Again, I'm not arguing about whether the climate is changing or not, my concern is: do we need a CO2 tax? Since Trudeau's carbon scheme will pretty much target Alberta and Saskatchewan's oil and gas, and the transportation industry in which oil and gas account for 22% of Canada's emissions. Since, transportation accounts for 24% (including passenger, freight, and off-road emissions), it would seem obvious these are the areas that will be most affected. These are the largest contributors to Canada‚Äôs greenhouse gas emissions, representing 46% of Canada's overall greenhouse gases. Out of the 22% for oil/gas, the Oil Sands account for 8.7% of Canada's GHG emissions, but only 0.13% of the global total. Any tax is going to be a heavy price for these 2 provinces for such a minor amount of total world carbon produced. Considering the huge benefit Alberta has made to Canada's have-not provinces in transfer payments the past many years, I think the Liberals should back off and give a little slack. Trudeau and his cohort, Butts, seem to be obsessed with making Canada a carbon free country at any cost.

Another concern is, I don't think Canada's carbon record is all that bad. Back in the days when Paul Martin was PM, the carbon emission's were something like 728MT. Today, under PM Harper, it is around 692MT as of the last estimates. It's still not close to the Kyoto target of 612MT promised for 2020, but at least it is proceeding in the right direction, despite prediction of the opposite. It's clearly not the disaster it's made out to be by Trudeau and his Liberals.

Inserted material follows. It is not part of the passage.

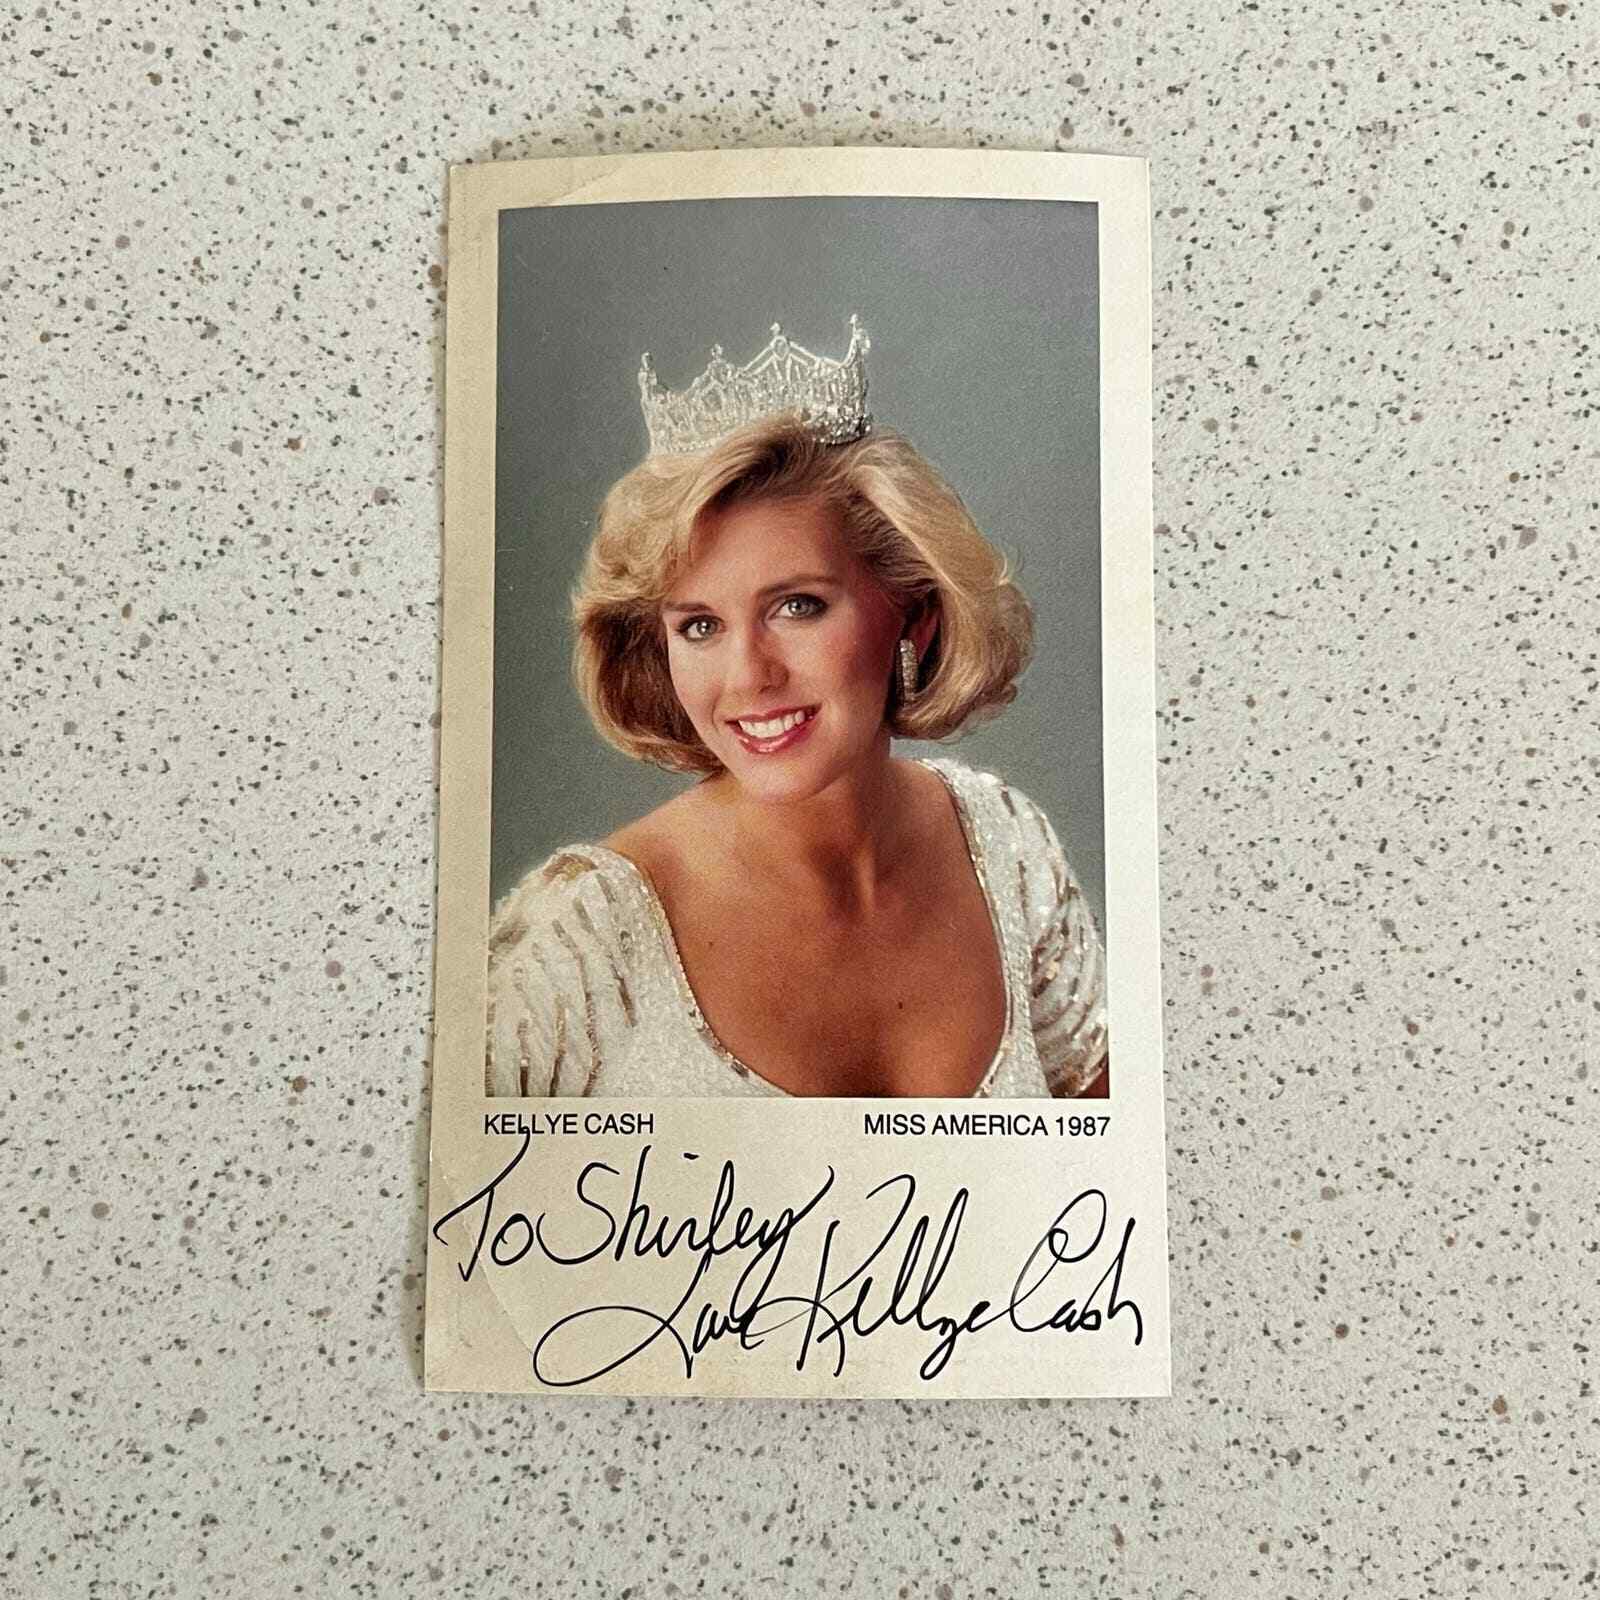 Miss America 1987 Kellye Cash Personalized Autograph Picture Photograph 6 x 3.5
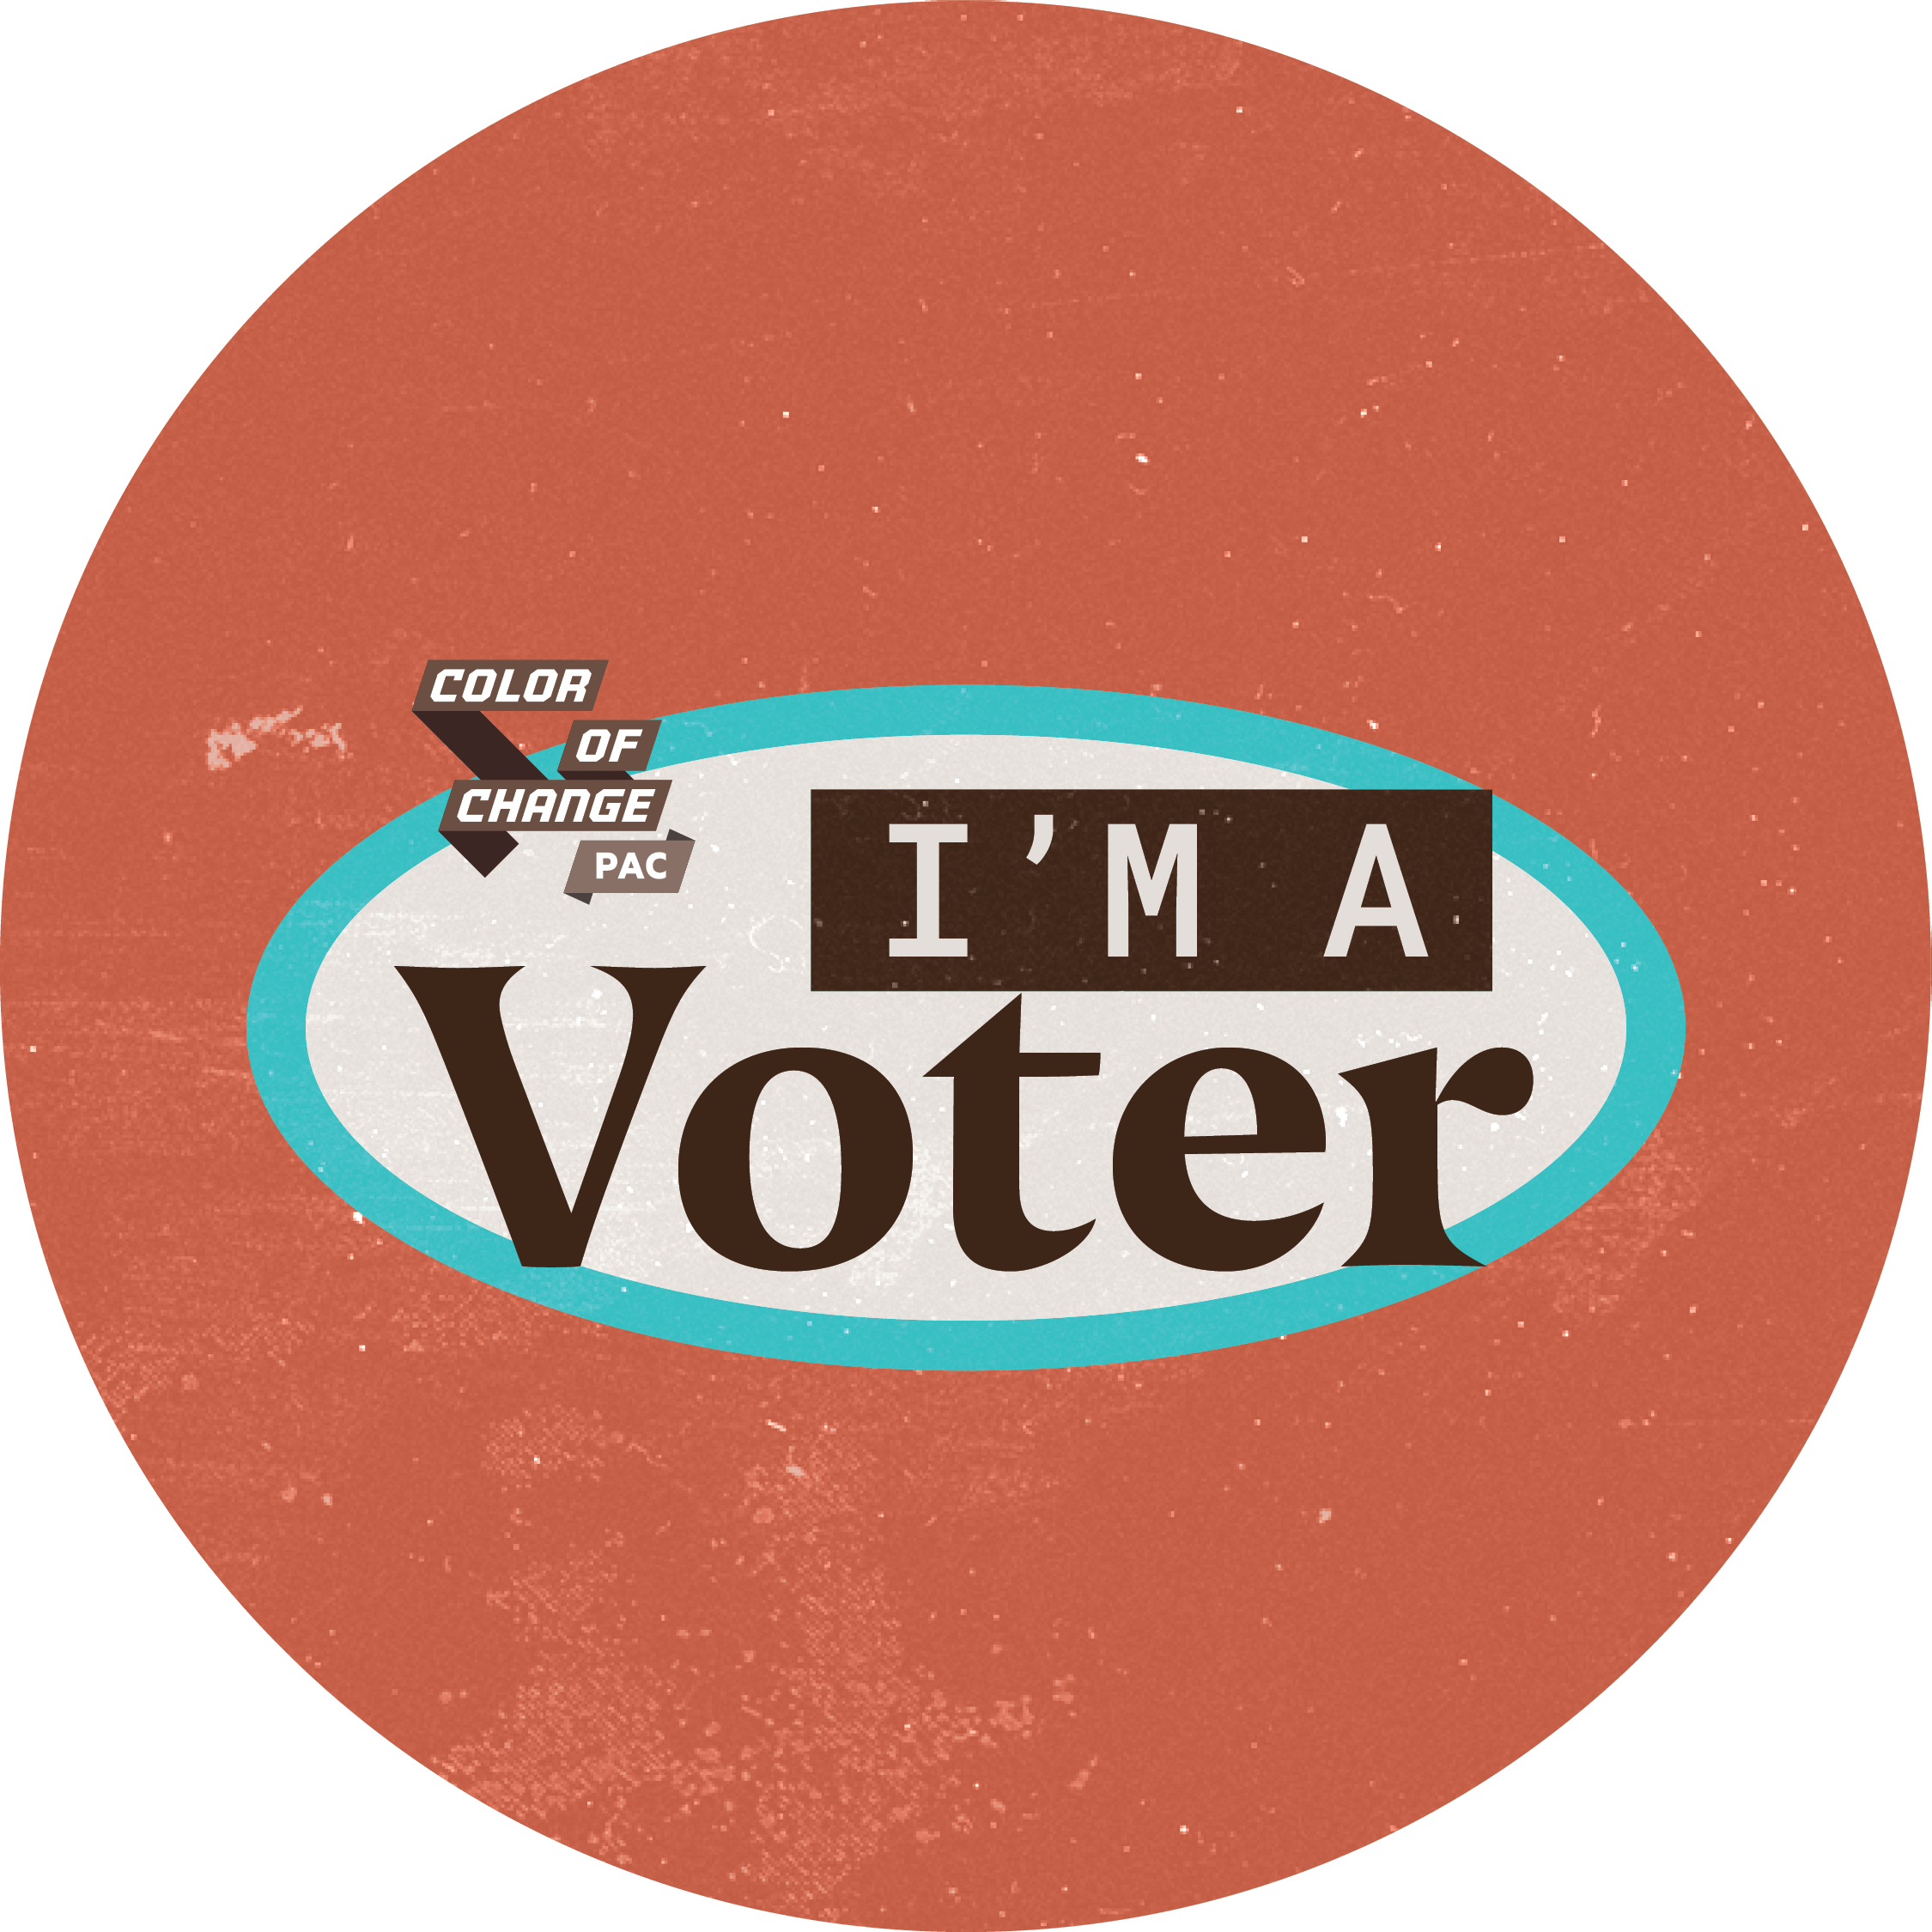 I'm a voter

Trudeau's plan is to let the provinces administer a standard national environmental plan similar to the way the national health care policy is today. Seeing first hand the abysmal state of our health care system, I doubt adding the same type of plan to collect a CO2 tax is going to be efficient in Canada. I can't help but wonder if the first batch of tax Trudeau collects isn't just an environmental tax grab that will be shuffled off to Ontario to pay down its ballooning debt. I doubt we'll ever know what the tax is really used for.

Energy consumption is going to continue growing worldwide. Canada can be a big player if all governments get on board and make the right decisions. Canada has the best environmental laws and record in the world, yet we're being hobbled by left-wing idealists like Trudeau and Butts. The Oil industry benefits all Canadians, so I would think that all Canadians should support it.